Published online Jul 26, 2019. doi: 10.12998/wjcc.v7.i14.1892
Peer-review started: April 8, 2019
First decision: June 12, 2019
Revised: June 16, 2019
Accepted: June 20, 2019
Article in press: June 21, 2019
Published online: July 26, 2019
Processing time: 110 Days and 11.4 Hours
Langerhans cell histiocytosis (LCH) is a rare disease of unknown aetiology. While it may affect any organ of the body, few cases of solitary lung involvement are published in the literature. Here, we report a rare case of pulmonary LCH (PLCH) in an adult.
A 52-year-old male presented to hospital in July 2018 with complaints of progressively worsening cough with sputum, breathlessness, easy fatigability, and loss of appetite since 2016, and a 32-year history of heavy cigarette smoking (average 30 cigarettes/d). Physical examination showed only weakened breathing sounds and wheezing during lung auscultation. Chest computed tomography (CT) showed irregular micronodules and multiple thin-walled small holes. Respiratory function tests showed a slight decrease. Ultrasonic cardiogram showed mild tricuspid regurgitation and no pulmonary hypertension. Fibreoptic bronchoscopy was performed with transbronchial biopsies from the basal segment of right lower lobe. LCH was confirmed by immunohistochemistry. The final diagnosis was PLCH without extra-pulmonary involvement. We suggested smoking cessation treatment. A 3-mo follow-up chest CT scan showed clear absorption of the nodule and thin-walled small holes. The symptoms of cough and phlegm had improved markedly and appetite had improved. There was no obvious dyspnoea.
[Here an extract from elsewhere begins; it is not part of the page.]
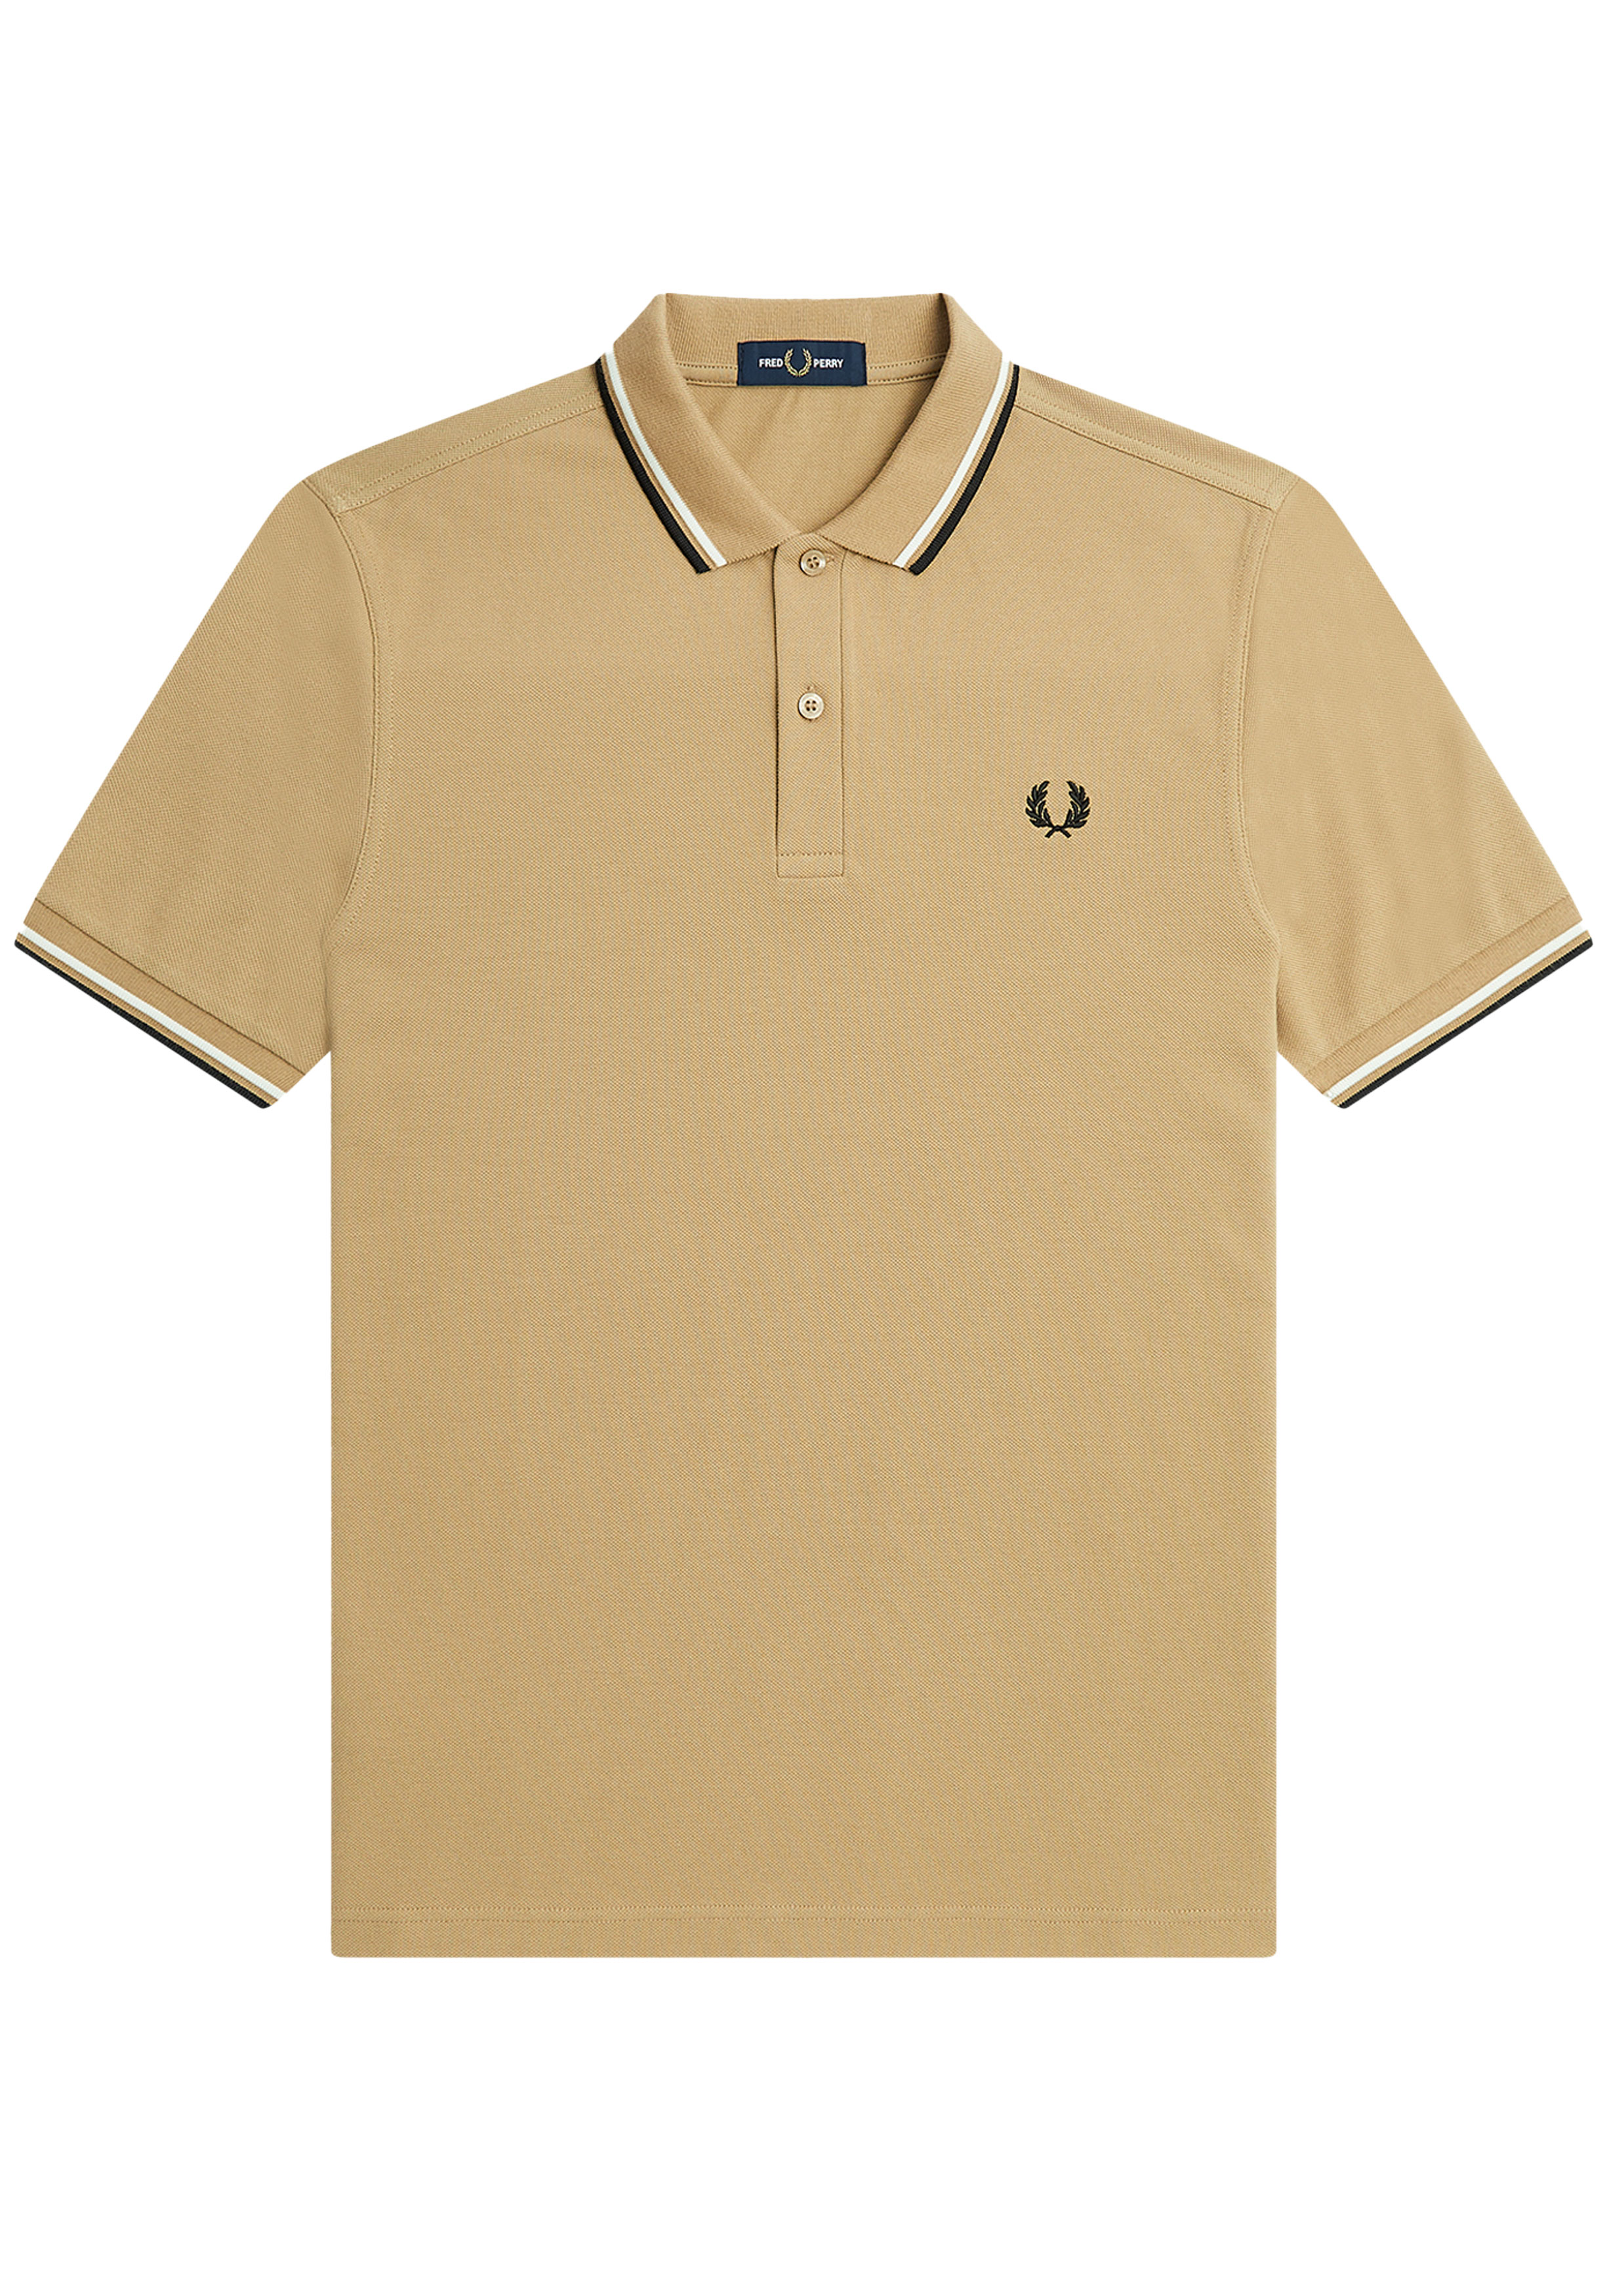 Fred Perry M3600 polo twin tipped shirt, pique, Warm Stone / Snow White / Black

Imaging manifestations of nodules, cavitating nodules, and thick-walled or thin-walled cysts prompted suspicion of PLCH and lung biopsy for diagnosis.
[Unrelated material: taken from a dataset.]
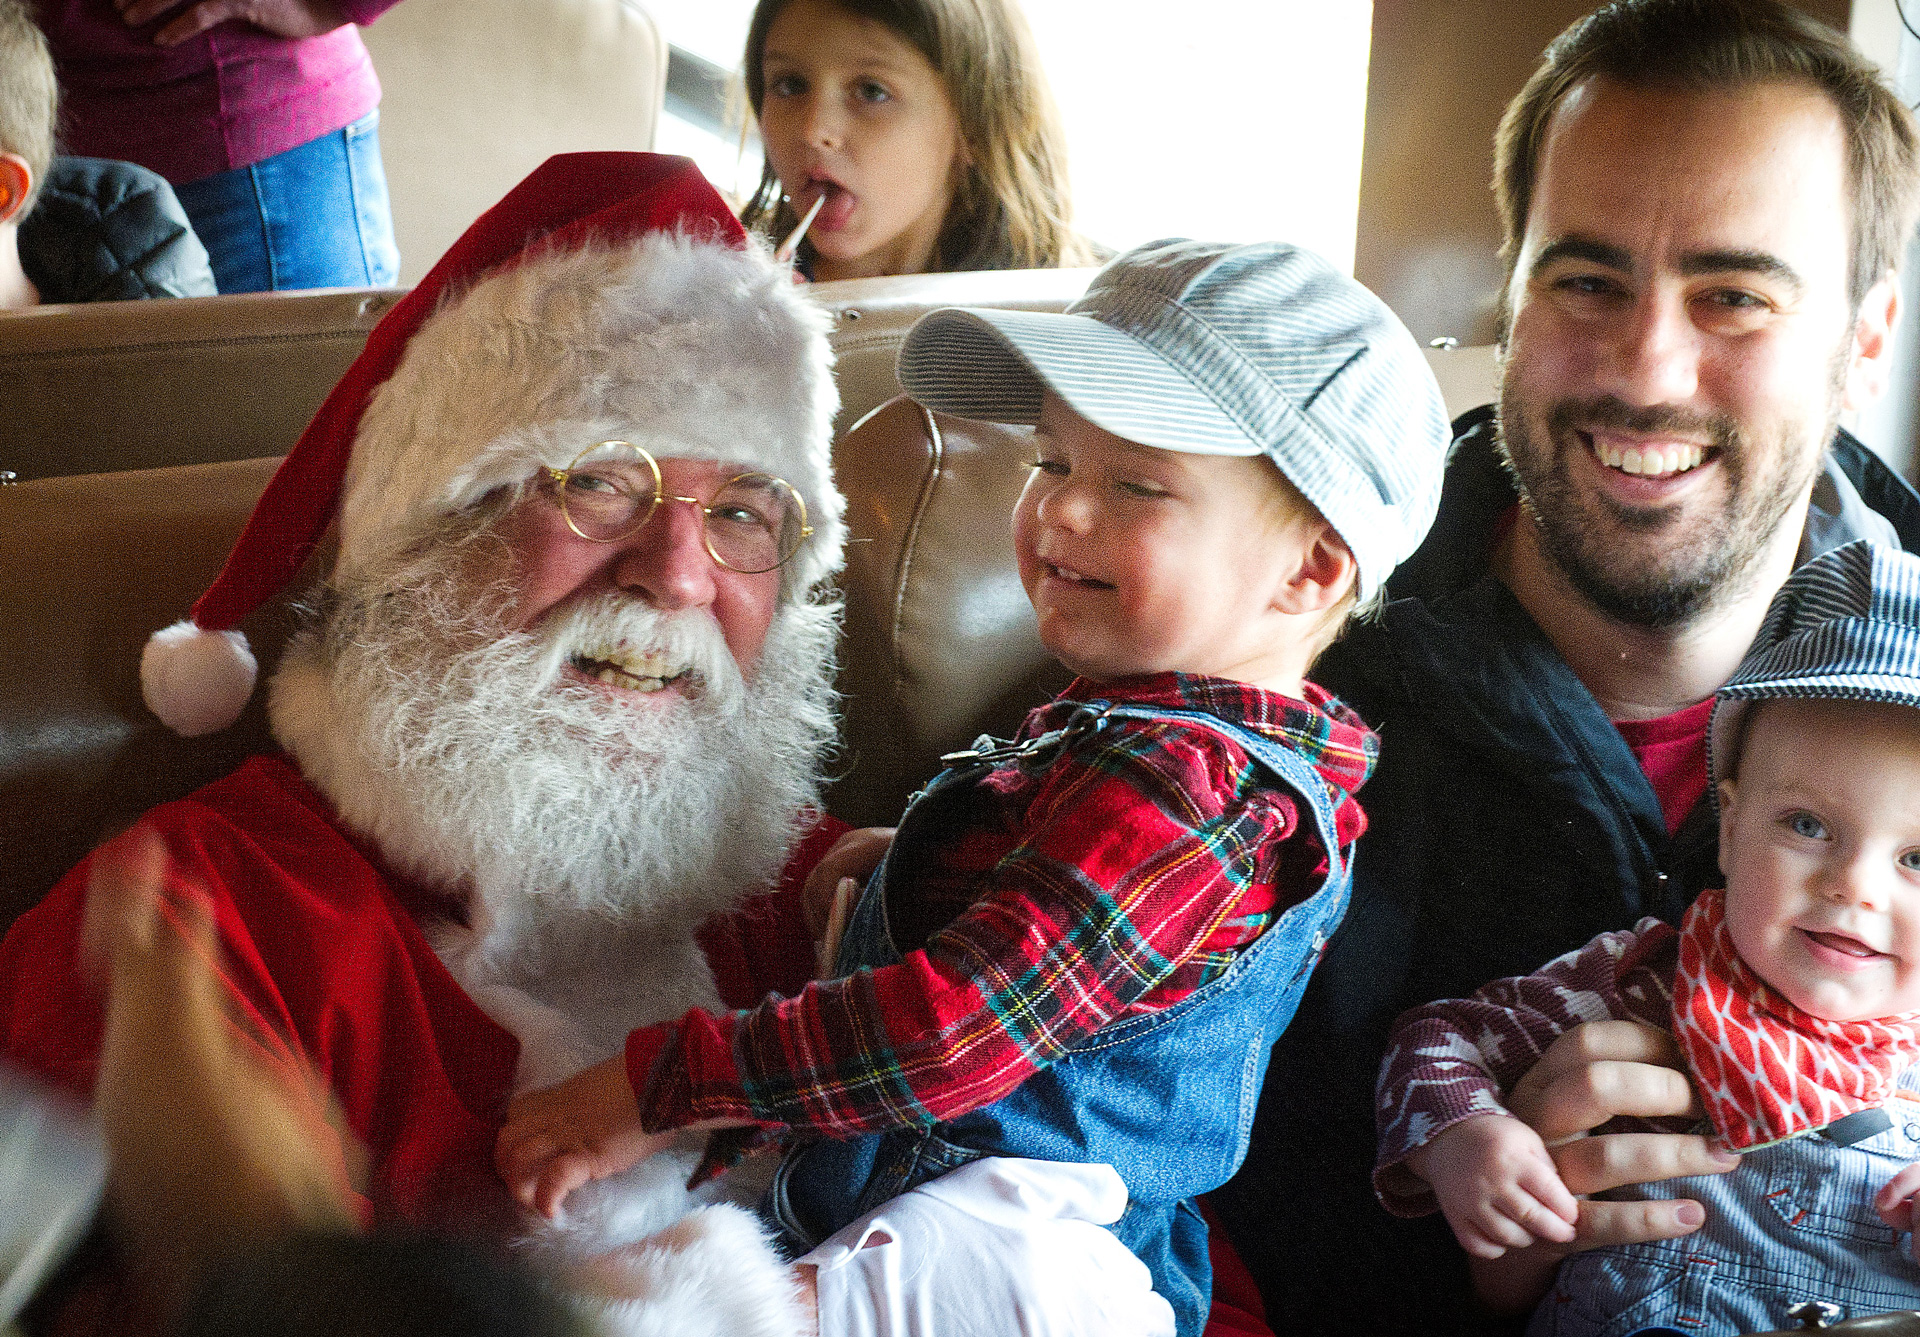 Santa Claus holding a young boy sitting next to a dad holding another young boy on the Holiday Express train

Core tip: Langerhans cell histiocytosis (LCH) is a rare disorder of unknown aetiology and may affect any organ of the body. Local LCH only affects the lungs and is known as pulmonary LCH (PLCH). Reports of PLCH cases are relatively rare in the literature. This report describes the presentation, clinical investigation and diagnosis of a PLCH case involving a 52-year-old male with a 1-year history of progressively worsening cough with sputum, breathlessness, easy fatigability, and loss of appetite, and 32-yr history of heavy cigarette smoking. We also discuss the clinical presentation and signs, diagnosis, treatment, and outcome of such rare cases.